Speaking with The Fourth Wall podcast for a recent interview, Kurzel opened up about his time making “Assassin’s Creed” and how video game adaptations are so difficult to pull off:

“There were certain aspects of the game that everyone thought would be fantastic to have in the film. I don’t think there was ever like, ‘You have to do this.’ I think the challenge is the ideas in the game are so complicated.” [In ‘Assassin’s Creed,’] you’ve got two different worlds; the modern world with Callum Lynch who then goes into the Animus and goes back to a particular time. And to be honest, that’s why most people play the game – to be immersed in a particular period of history.

So it was really tricky, that balance of how much to you start in the future and how much do you land in the past, how the two time periods riff off each other, and that became the most challenging part of the writing. There are aspects of that film I really love and are really unusual and I definitely was surprised by some of the feedback from it because I think there’s a lot of merit in it. But the most challenging part for all of us was to land what is a really complicated story and that from the beginning was the thing we knew was tricky.”

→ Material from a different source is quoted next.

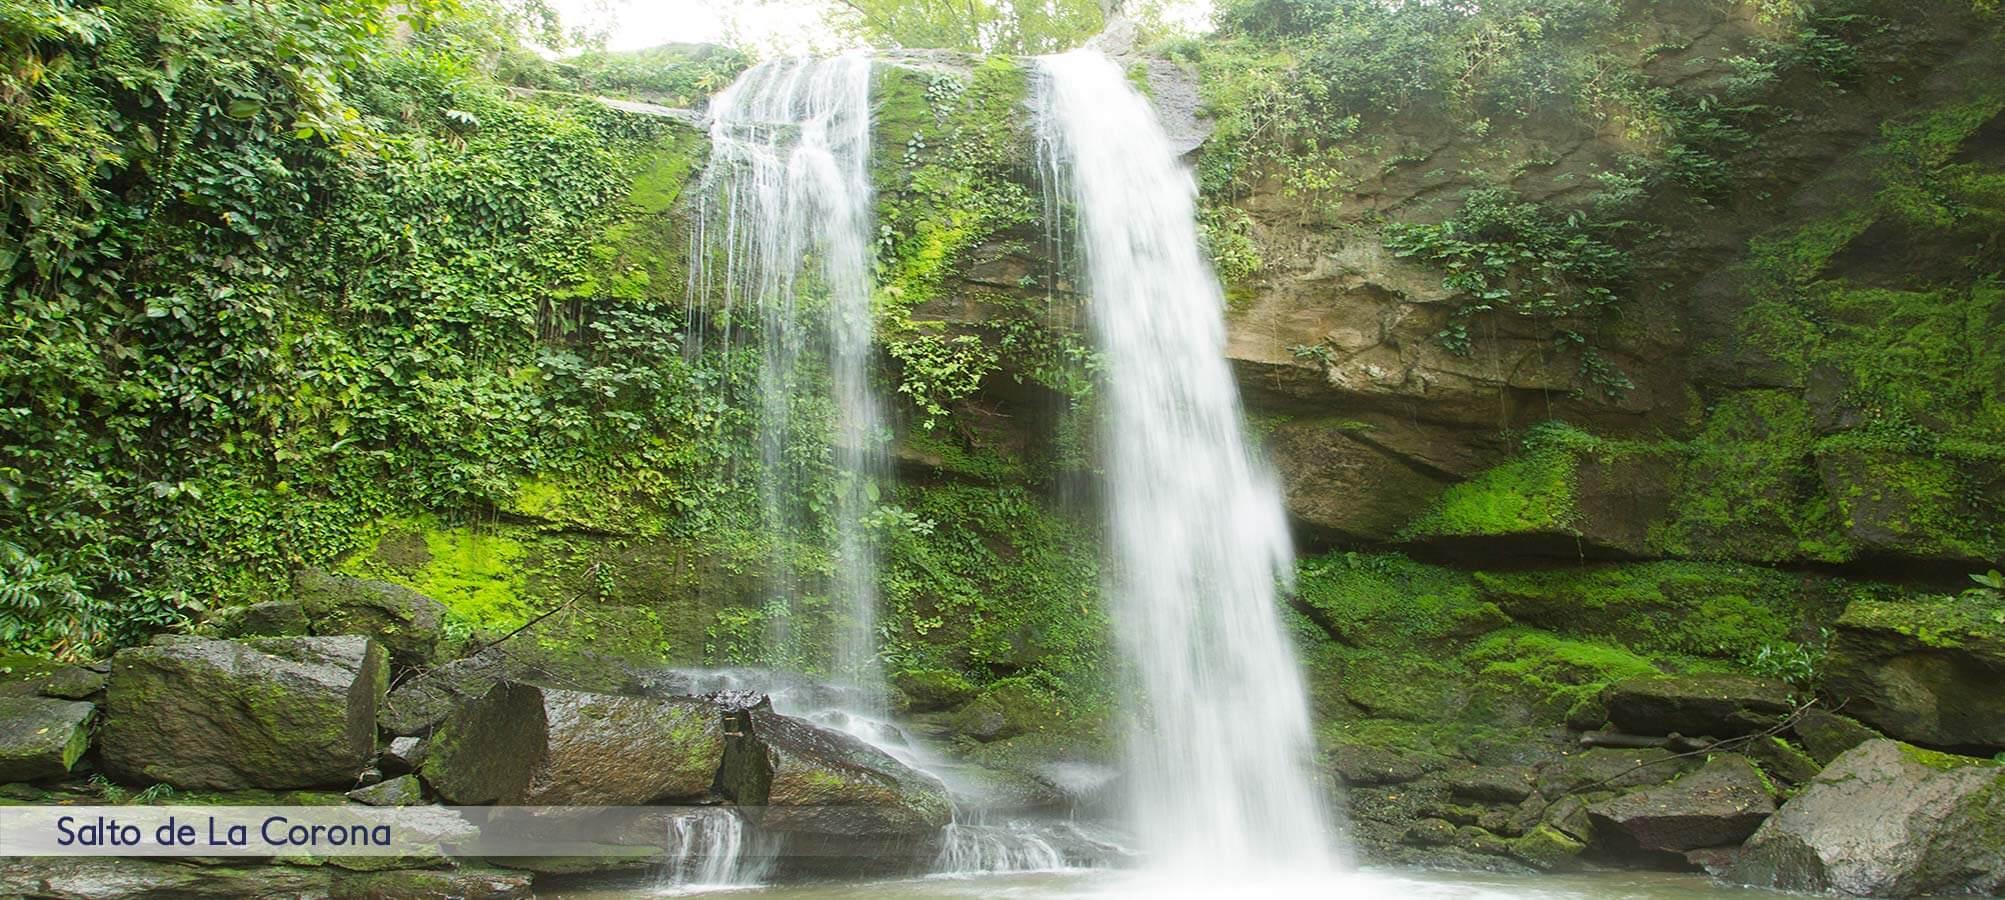 Comunida-la-corona-caminatas-mas-cascadas

The games in the series spend very little time in the present, opting to stick in the past, but the film overall had only a handful of scenes set outside the present – specifically 15th century Spain. Kurzel says one change he would make had a film sequel been a real potential would have been to play around with more timelines and different periods:

“I don’t think we got down the track too far with [a sequel], but I mean, it’s obvious – pick your time period in which you could’ve traveled to next. Instead of going back so many years, I thought it’d be really interesting to go back to a period in time that felt closer to the present.

I was thinking about adaptations for great books as well. How do you suddenly take a 600 or 700-page book that’s a masterpiece and shove all that in 90 minutes? Sometimes I think you need to dismantle it all and approach it in a very simple way…So maybe, ‘Assassin’s’ would work really fantastically as a series. Maybe there’s a way of simplifying the concept of the game to really capture the heart of it.”

Kurzel recently did a punk rock version of the Ned Kelly tale with “True History of the Kelly Gang” starring George McKay, Nicholas Hoult, Charlie Hunnam, Essie Davis and Russell Crowe. He’s also developing multiple series for streaming.